In 2006 my then partner and I moved into an apartment in the bay area. It smelled moldy to me and I commented that something didn't feel right (I had no idea about mold back then). She really liked it and other than the odor and my gut feeling there wasn't any other reason to not take it so we moved in.

I was diagnosed on 11/2/2007 with ME/CFS. Later that year I found out I was living in an apartment that had toxic mold hidden in the walls. The only sign of any problem was condensation on one of the windows and mold around the calking of that window. Here is the mold report (in case the link doesn't work it's November of 2008). By December I was housebound.

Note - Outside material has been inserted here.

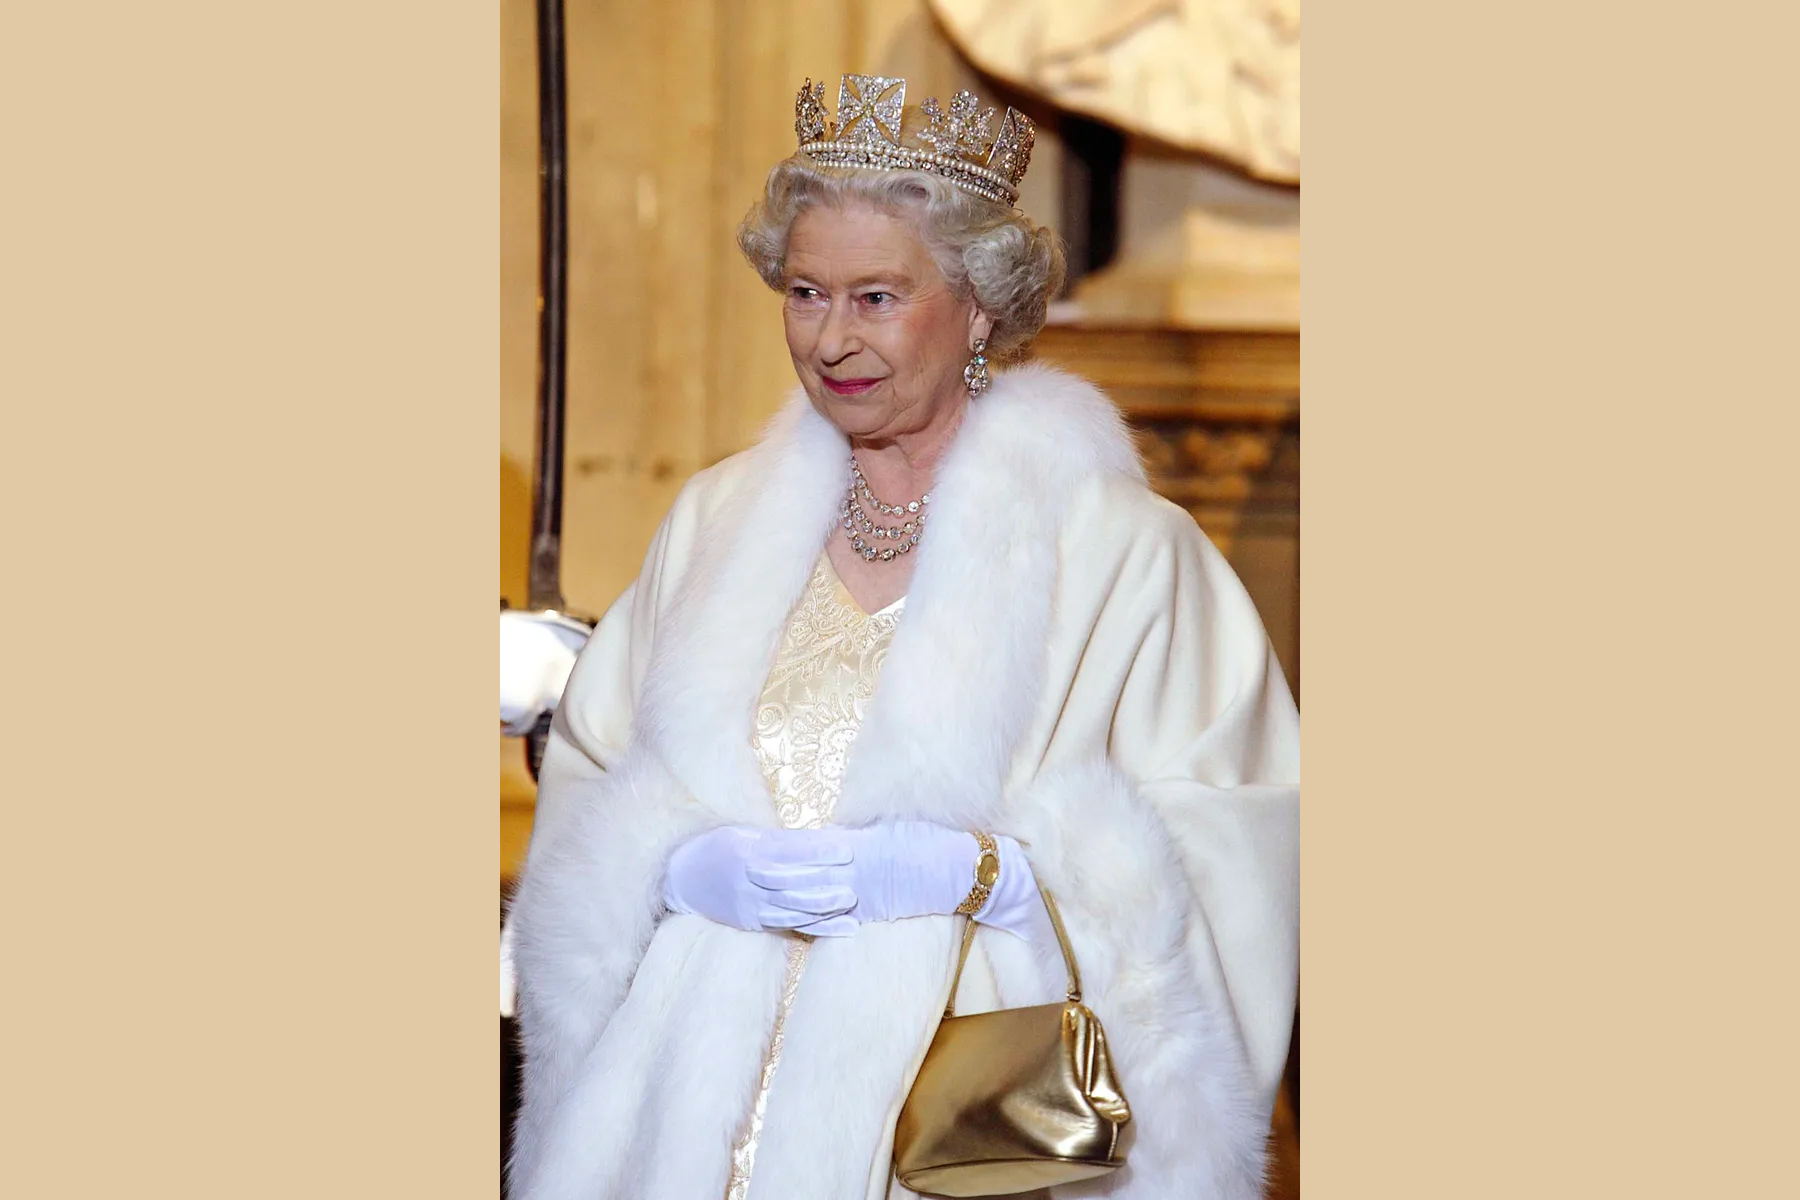 Queen Elizabeth II dressed in glorious attire and the State Diadem

In the 80's the bay area had a problem with medflies. So they sprayed the area with malathion and some other substance all the while reassuring everyone that it was safe. They did mention that people should stay inside on the nights they sprayed. The helicopters would fly all over spraying this pesticide like they were pouring water on a fire. In the morning my car would be sticky with the residue.

Malathion is an organophosphate and can affect the nervous system. One symptom is trouble swallowing. Right around the time they were spraying I had my first episode of a pill getting caught in my throat. Thank God my mom was there because I could not swallow, breath, or ask for help. Suddenly there I was standing in front of her motioning to my throat. She initially thought I was joking until she saw that milk was coming out of my mouth because my throat had closed. Realizing I was in trouble she jumped up and started doing the heimlich maneuver on me.  It was one of the few times I ever saw her cry. 

There is so much ignorance and misinformation regarding the consequences of mold/pesticides/chemicals.

According to Dr. Shoemaker 25% of the population has genes that make them susceptible to mold and/or lyme (I happen to have the dreaded genotype making me multisusceptible). He also states that 50% of housing has toxic indoor air. My guess is that figure is closer to 85% in low income housing.

These are some reasons why the past two months have been intense. I have a decision to make. I don't know-am I going to be someone who cannot remain functional living in conventional housing?